Interview with Michal Maciej Bartosik


Winner of Lighting Design Awards

Award Winning Designer Michal Maciej Bartosik shares insights

 
 
 
 

Interview with Michal Maciej Bartosik at Wednesday 26th of October 2016:

DL: Could you please tell us a bit about your design background and education?
MB : I received my formal training in architecture. The rigor and scope of conceptualization through to production embodied in the discipline was seminal to my current design practice and ethos.

DL: What motivates you to design in general, why did you become a designer?
MB : Over the course of my architectural career I became increasingly preoccupied with questions surrounding the 'Detail'. The Detail in my opinion is the cultural sinew between idea and material expression. It became evident to me that architecture, most often, does not afford itself the necessary time to sublimate the detail beyond a solely functional operation. The compressed scale at which industrial design contemplates the detail makes its ambitions central to these questions - What is the innate spirit of any given detail?

DL: Did you choose to become a designer, or you were forced to become one?
MB : I don't really see much of a distinction one from the other. When you are confronted with a conduit of Ideas and purposefully enter into its stream, the question of choice or control becomes an unnecessary distraction to the process of making.

DL: What should young designers do to become a design legend like you?
MB : Embrace failure! Develop a casual rapport with failure. Failure is an intrinsic part of the creative process. Most importantly, its companionship affords one to work well out of their bounds of comfort. Failure is a transformative agent disguised as trepidation. Its the necessary counterpoint to the soporific nature of doing what we already know.

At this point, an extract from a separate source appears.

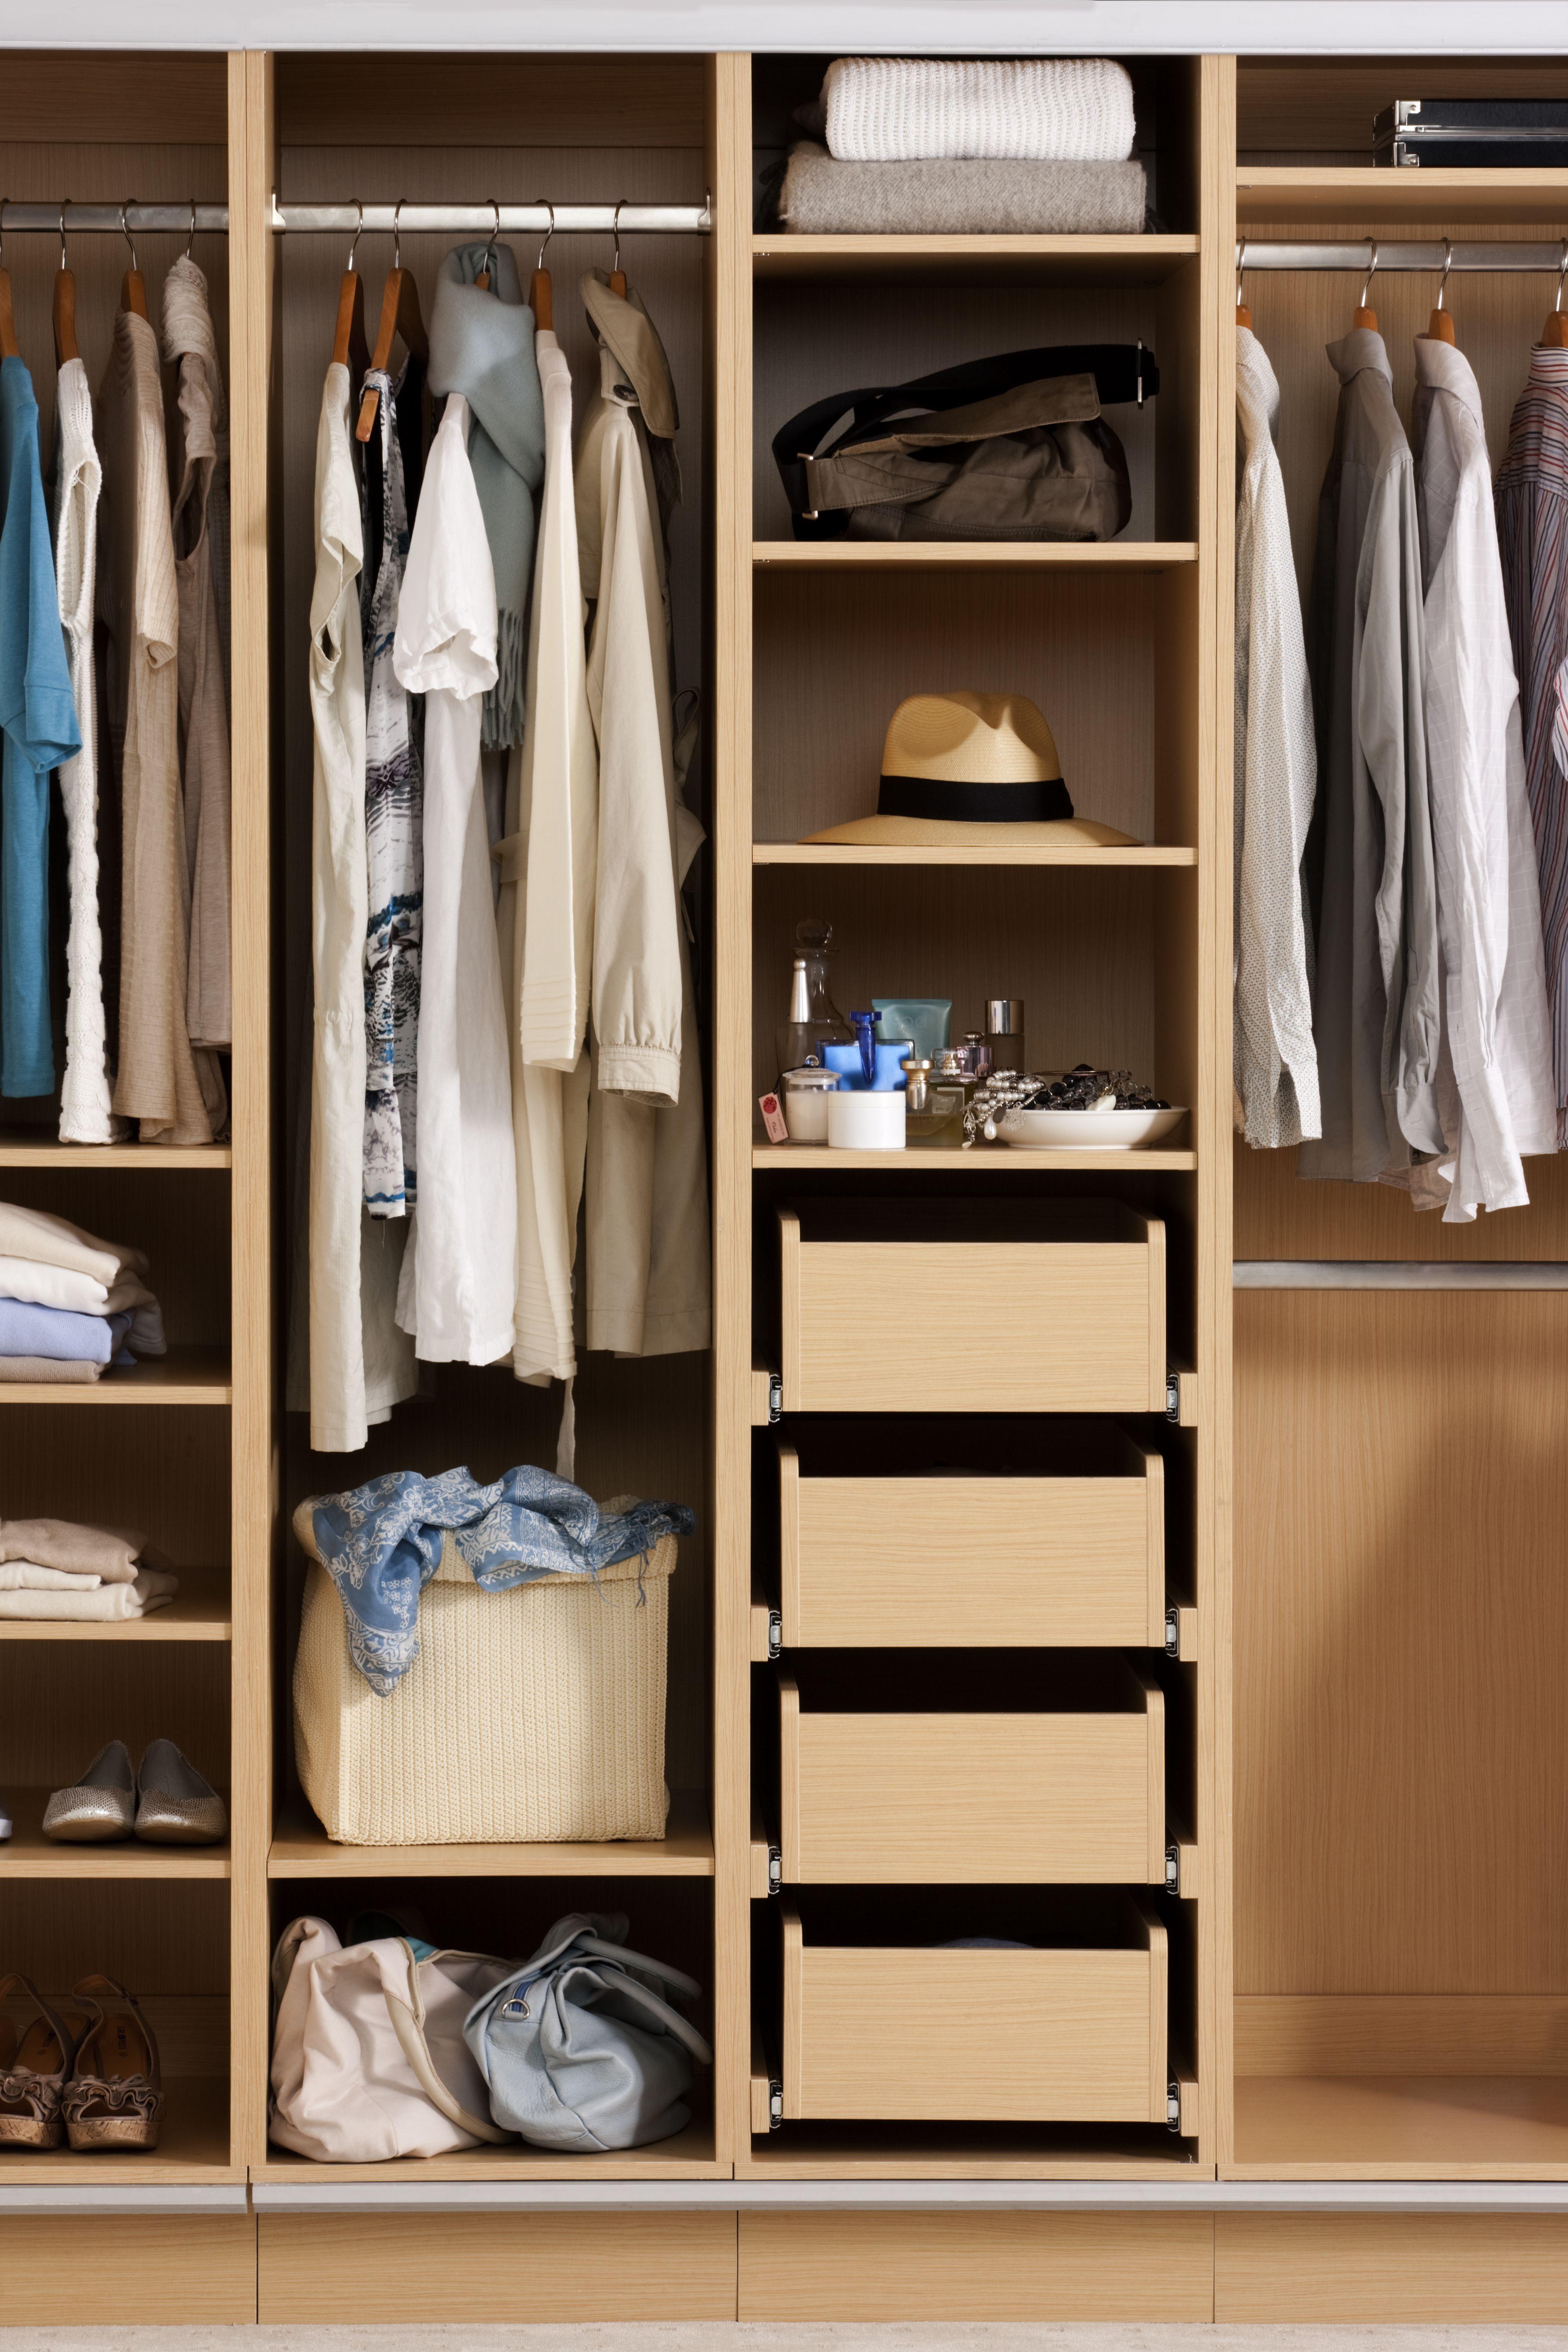 Bunnings Wardrobe Planner - Wardrobe For Home

DL: What is your secret recipe of success in design, what is your secret ingredient?
MB : The constant and uninterrupted process of iteration in thought and execution.

DL: Who are some other design masters and legends you get inspired from?
MB : I more or less never tire of Mies van der Rohe's body of work.

DL: What are your favorite designs by other designers, why do you like them?
MB : Junya Ishigami's Table which he designed in 2006. Imagine an unsupported table that is 9.5m long and 2.6m wide and only 3mm thick. The singular pieces of steel used in its construction was pre-stressed so that the table evens out under its own weight. What results is a material twining of form and function; A table whose legs struggle to keep it from lifting off and rolling up into mechanical memory; tracing the forces of gravity enacting upon it.

DL: How do you think designers should present their work?
MB : I feel designers should only present their work in its built form. Computer renderings have become an unfortunate short hand that circumvents the very essence of design: the material construction of an object.

DL: How does design help create a better society?
MB : I am not certain that it does. Take the 'Hippo water roller' for example. Its an ingeniously simple design which lessens the physical burden necessary to access clean drinking water by pushing the rolling tank of water on the ground with a simple handle. Nevertheless, its design responds to preexisting global inequalities which you would think that by the 21st Century we, as a society, would have already resolved. Too often, design defers us from asking the more difficult questions.

DL: When you have a new design project, where do you start?
MB : I feel very comfortable with burying the germ of an idea as far back into my mind as possible. It sits there for months often years. This way we familiarize ourselves with one another. Upon recall, it often returns with a better understanding of its own logic then I would have been able to instill upon it. This is often the fertile moment for the work to begin.

DL: What is your life motto as a designer?
MB : Design as though to bring your epoch to an end. -Before it ends you.

DL: Do you think design sets the trends or trends set the designs?
MB : I think design sets trends. Trends merely produce replicas.

DL: What is the role of technology when you design?
MB : Technology plays an important role in both the development and execution of any give design. When I feel ready, an idea or hunch I may have is often translated into a digital model. It undergoes a process of exploration and is then translated into a crude physical model so to subject it to real senses and forces. I often iterate this way, between the digital and physical, and finally set it into production through CAD/CAM channels.

DL: When you see a new great design or product what comes into your mind?
MB : When I come across something really well designed it often provokes an emotional reaction. It's at this moment I feel as though I have come across something very special. Its one thing to be impressed, and something entirely different to be moved.

DL: Which people you interacted had the most influence on your design?
MB : Visual Artists and Architects.

DL: Which books you read had the most effect on your design?
MB : Flatland by Edwin A. Abbott is a recent favorite of mine. Quadrivium and The power of limits are two works I also find myself returning to frequently.

DL: How do you feel about all the awards and recognition you had, is it hard to be famous?
MB : Awards are an important part of my design process. They serve as a general cultural gauge for my work's relevance in a broader context. I am both encouraged and honored by the accolades I have received to date.

DL: When you were a little child, was it obvious that you would become a great designer?
MB : When I was a child, I was fleeing communism. My creative output at the time, most likely for that precise reason, was unrelenting.